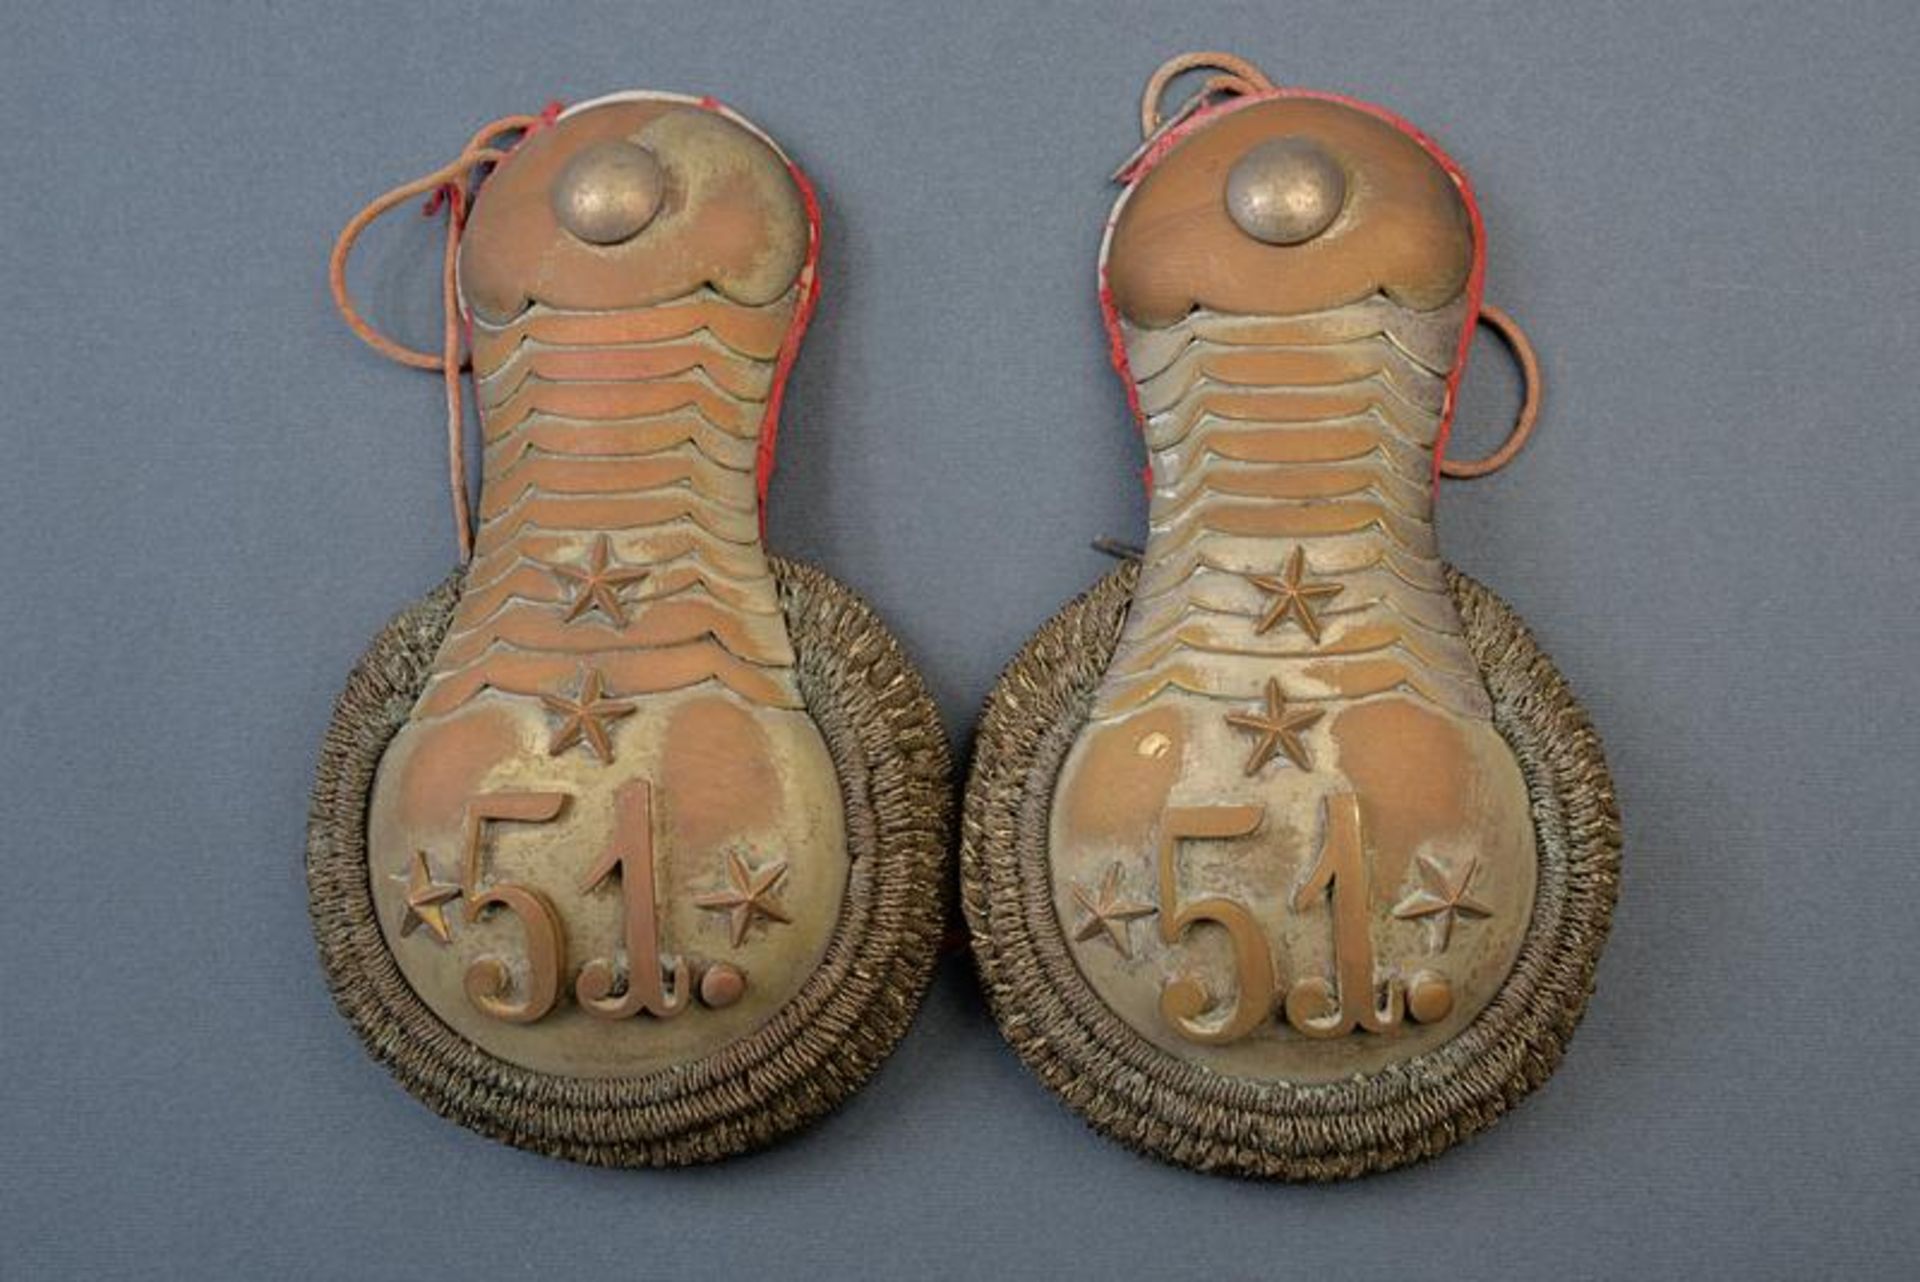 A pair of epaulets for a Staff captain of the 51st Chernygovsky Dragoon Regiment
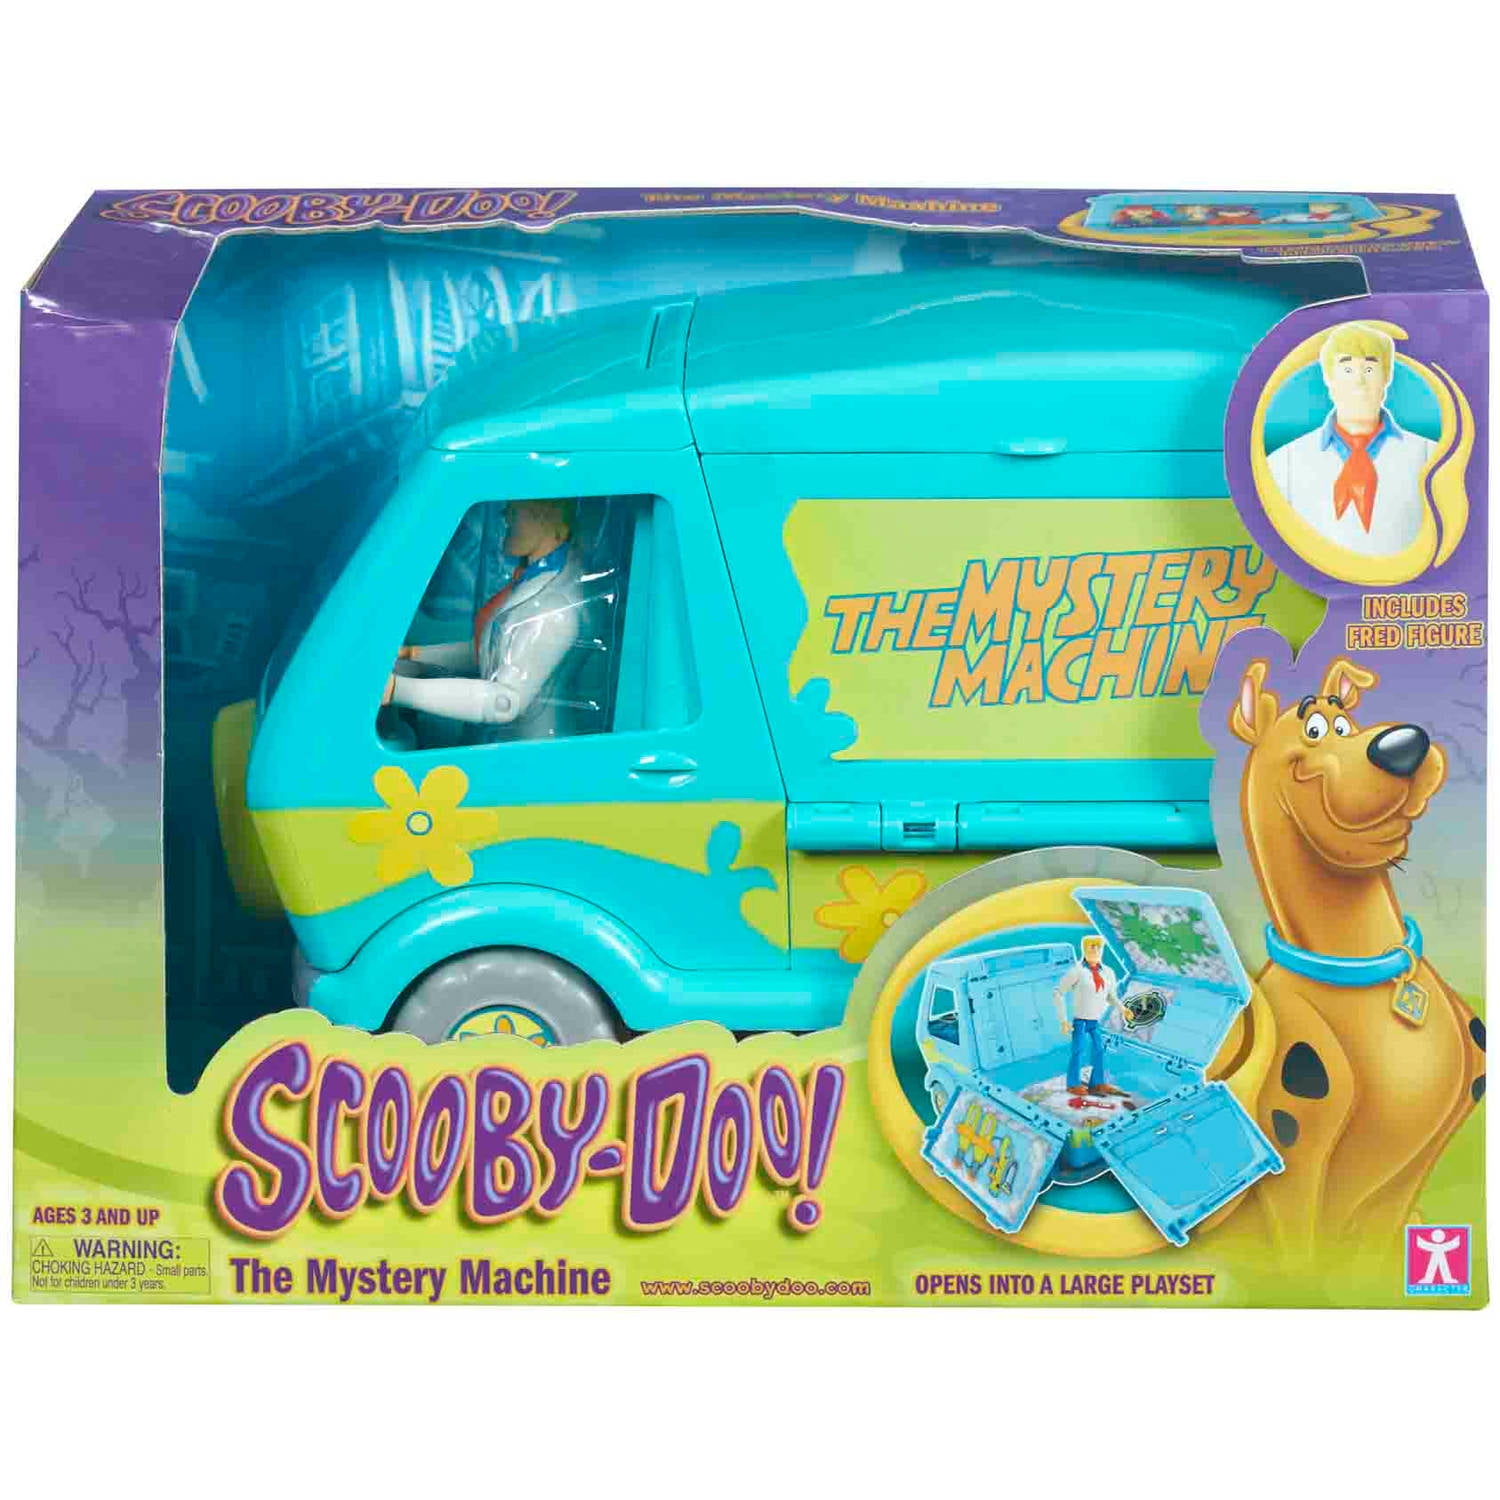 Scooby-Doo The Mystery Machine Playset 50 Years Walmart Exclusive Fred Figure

* * *

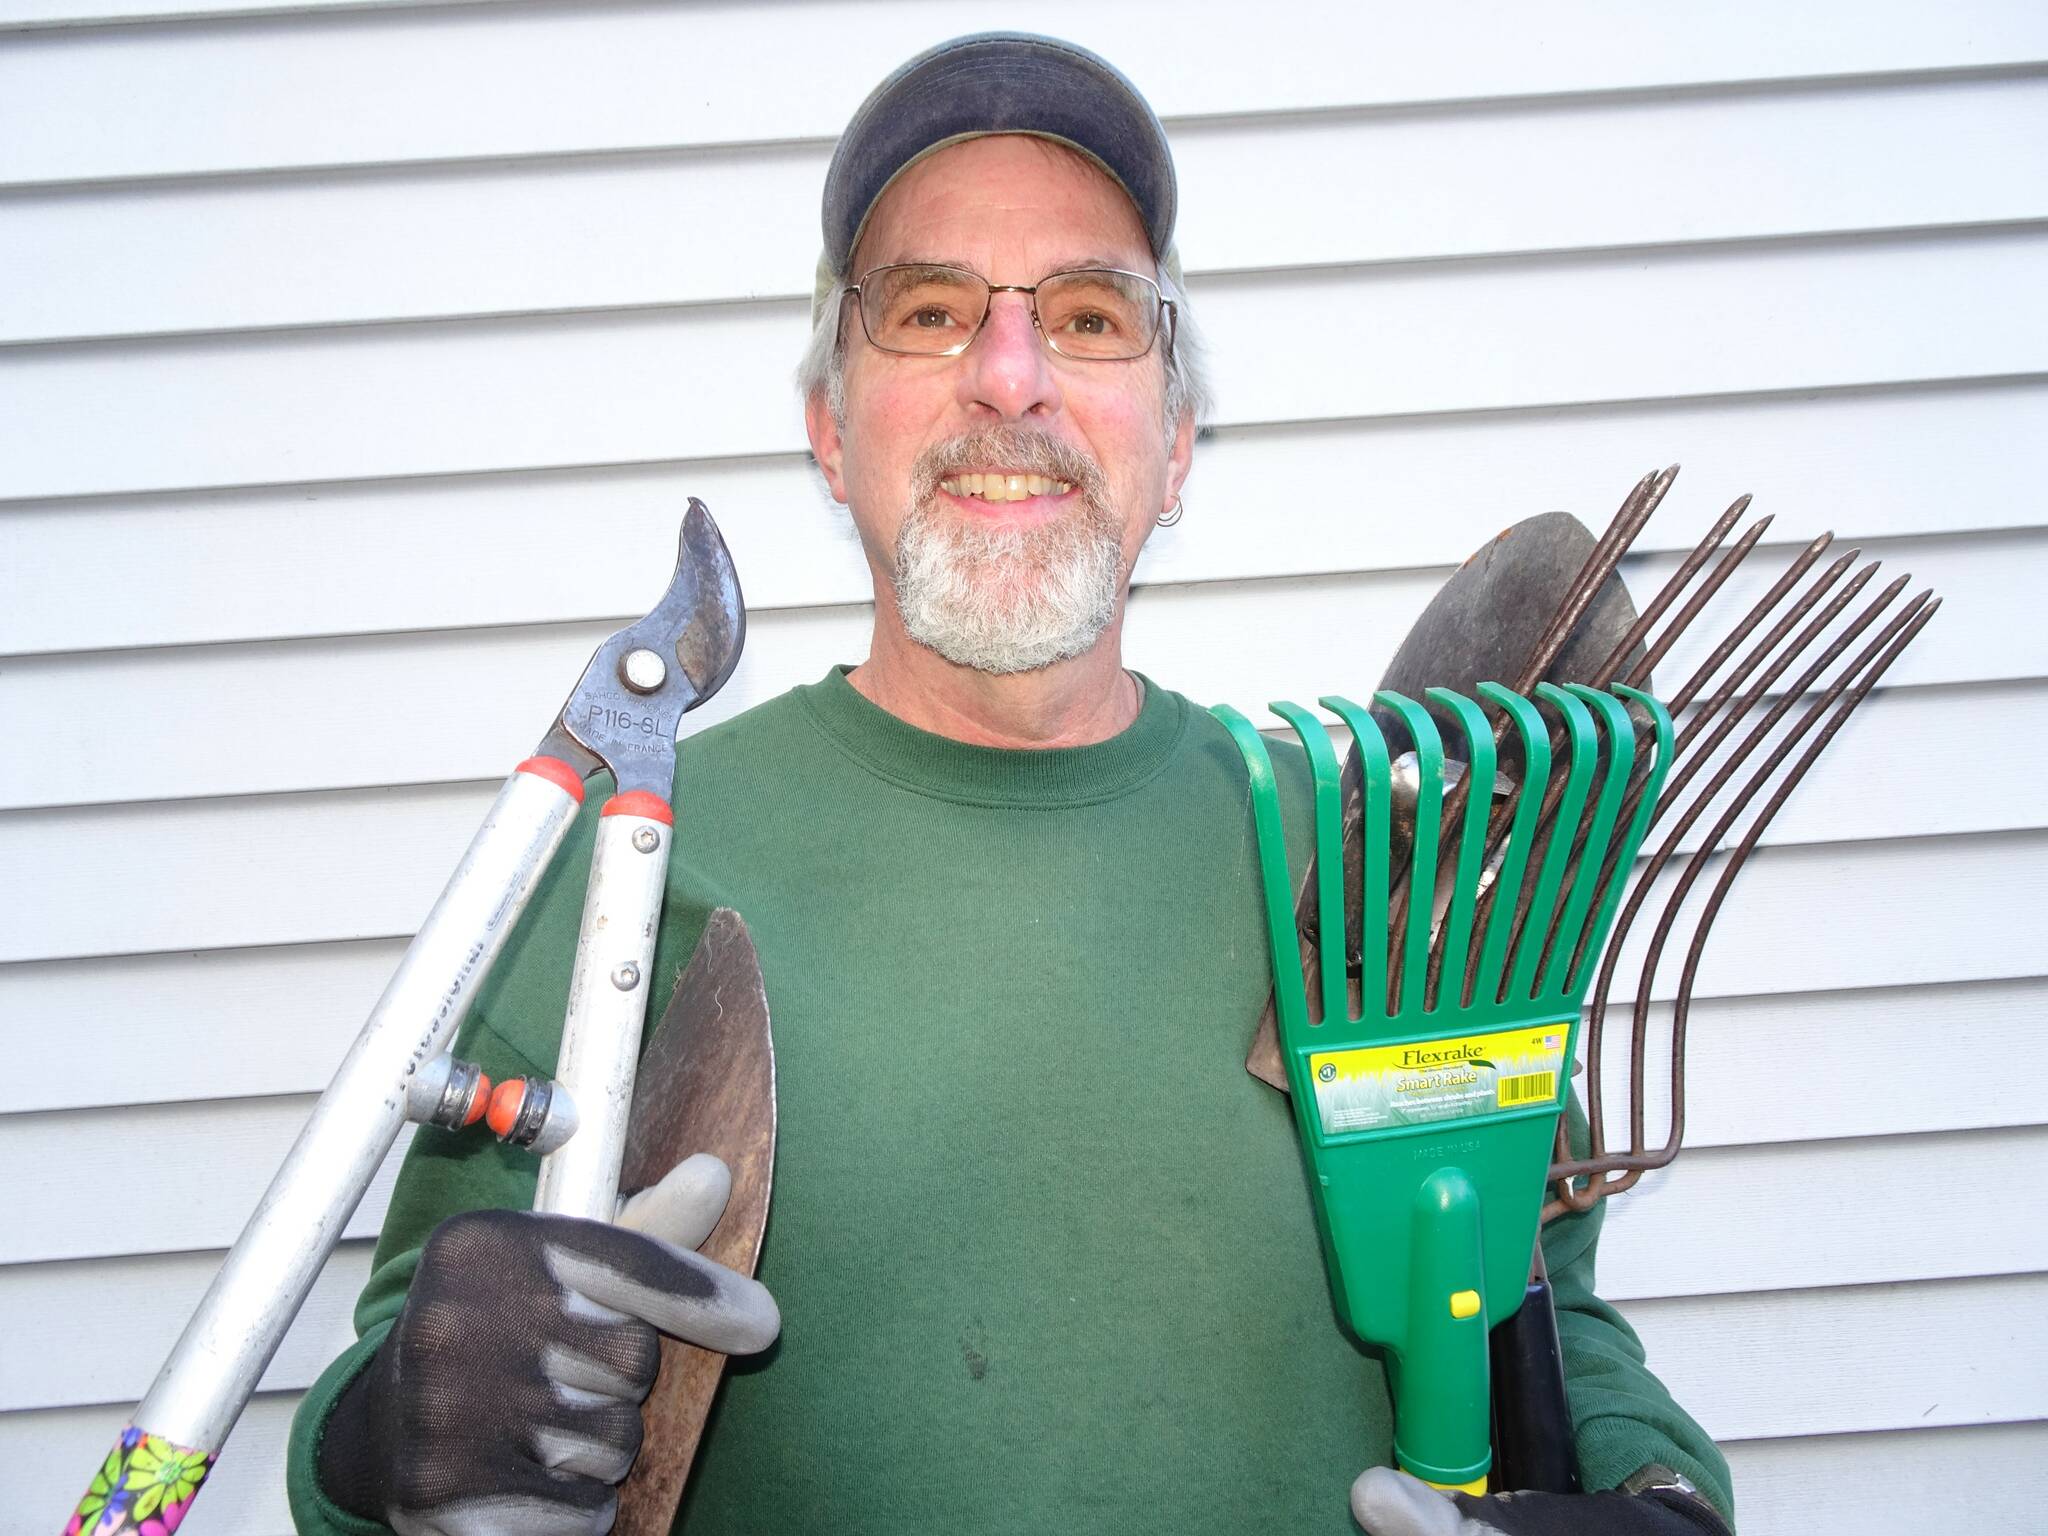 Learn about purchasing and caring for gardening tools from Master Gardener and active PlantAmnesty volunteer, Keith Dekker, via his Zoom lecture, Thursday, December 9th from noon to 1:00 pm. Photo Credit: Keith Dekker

...

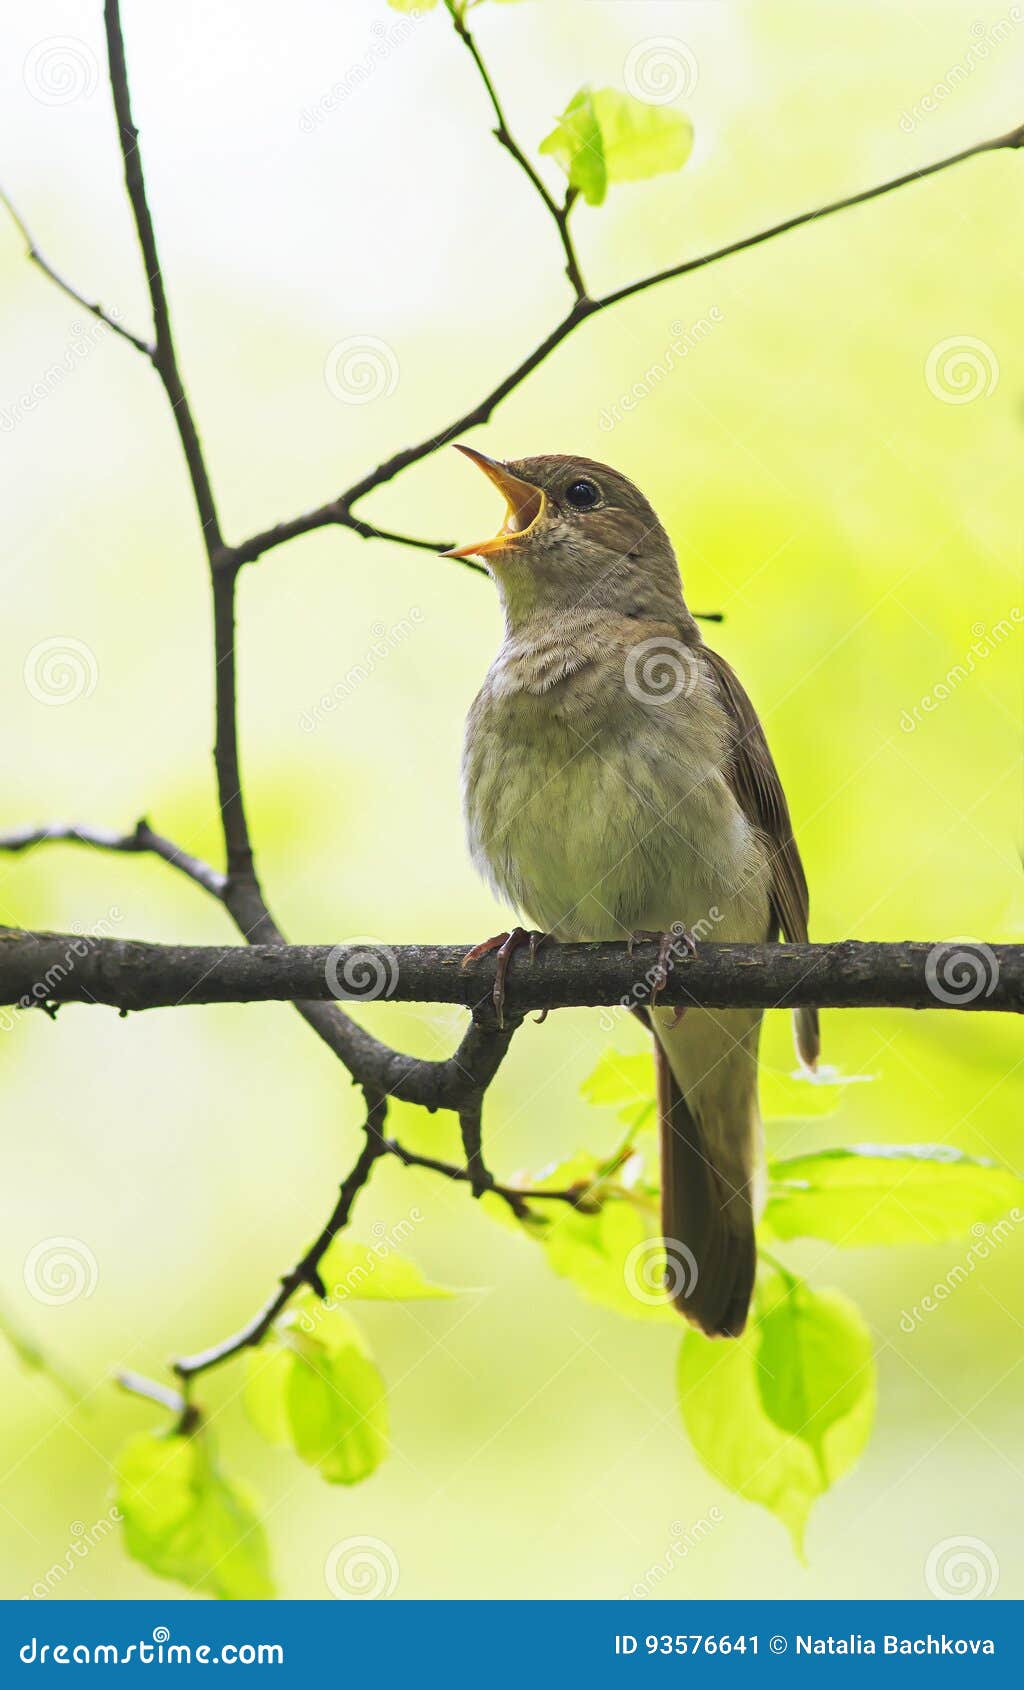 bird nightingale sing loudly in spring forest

## Task goal:
From the line containing "A pair of epaulets" through the line containing "Scooby-Doo The Mystery", copy every line above exactly, without pictures.

## Answer to this problem:
 A pair of epaulets for a Staff captain of the 51st Chernygovsky Dragoon Regiment
 Scooby-Doo The Mystery Machine Playset 50 Years Walmart Exclusive Fred Figure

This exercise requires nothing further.